For hundreds of candidates around the country, Tuesday's primary was the end of a long nominating process. In one battleground House district in Iowa, though, the fight for the Republican nomination there is starting over now that the votes have been counted.
No Republican candidate got 35 percent of the vote in the primary to succeed Rep. Tom Latham, an Iowa Republican retiring from Congress at the end of the year. That means local activists will choose the nominee at a convention on June 21, an unpredictable setting that Democrats say will drive the eventual nominee to the right — but one where former state GOP Chairman Matt Strawn says delegates could give the edge to a moderate.

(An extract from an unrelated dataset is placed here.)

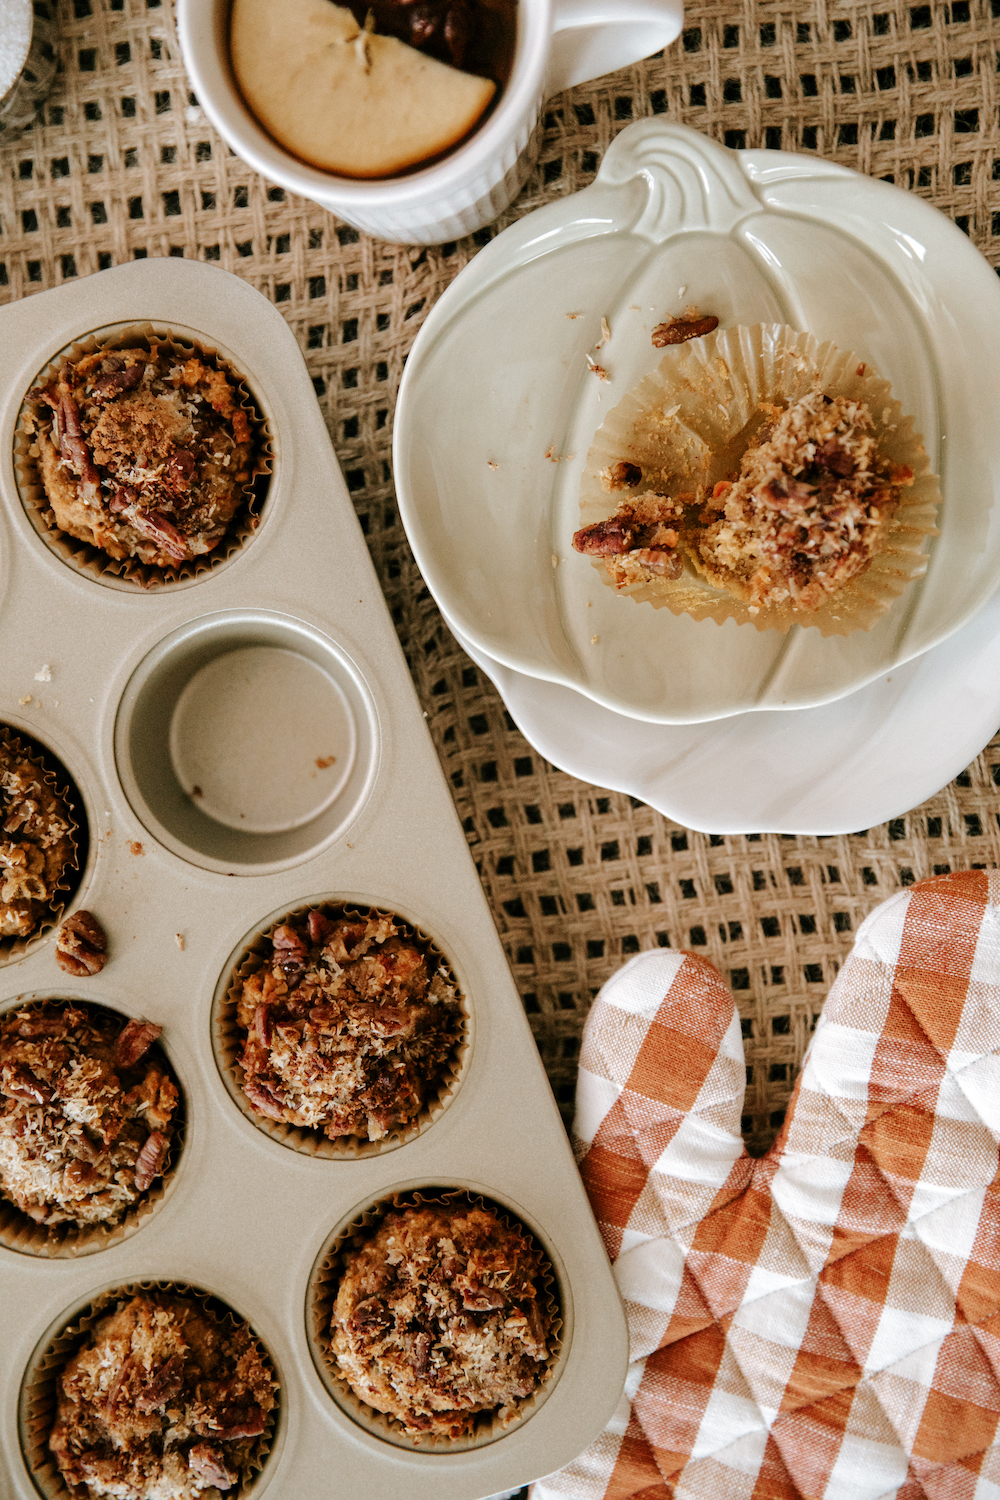 make muffins to celebrate fall!

All the campaigns have likely been "literally running two concurrent campaign strategies" in order to prepare for a convention, Strawn said. Leading up to the primary, candidates went on TV to get their names out to average voters, but they also sent mailers to delegates and met with them in person, said John Maxwell, a consultant to candidate Monte Shaw's campaign.
And the top Republican in the state has spent effort shaping that convention electorate over the past year. Strawn said a recent push by GOP Gov. Terry Branstad to fill the state party with establishment Republicans over tea partiers gives moderates an advantage compared with recent years, defying the stereotype of activist-dominated conventions. That could give someone like Shaw, an Iowa Renewable Fuels Association executive who emphasized pragmatism during the campaign and said he would have voted to raise the debt ceiling, an advantage over his situation in the regular primary, in which he finished fourth.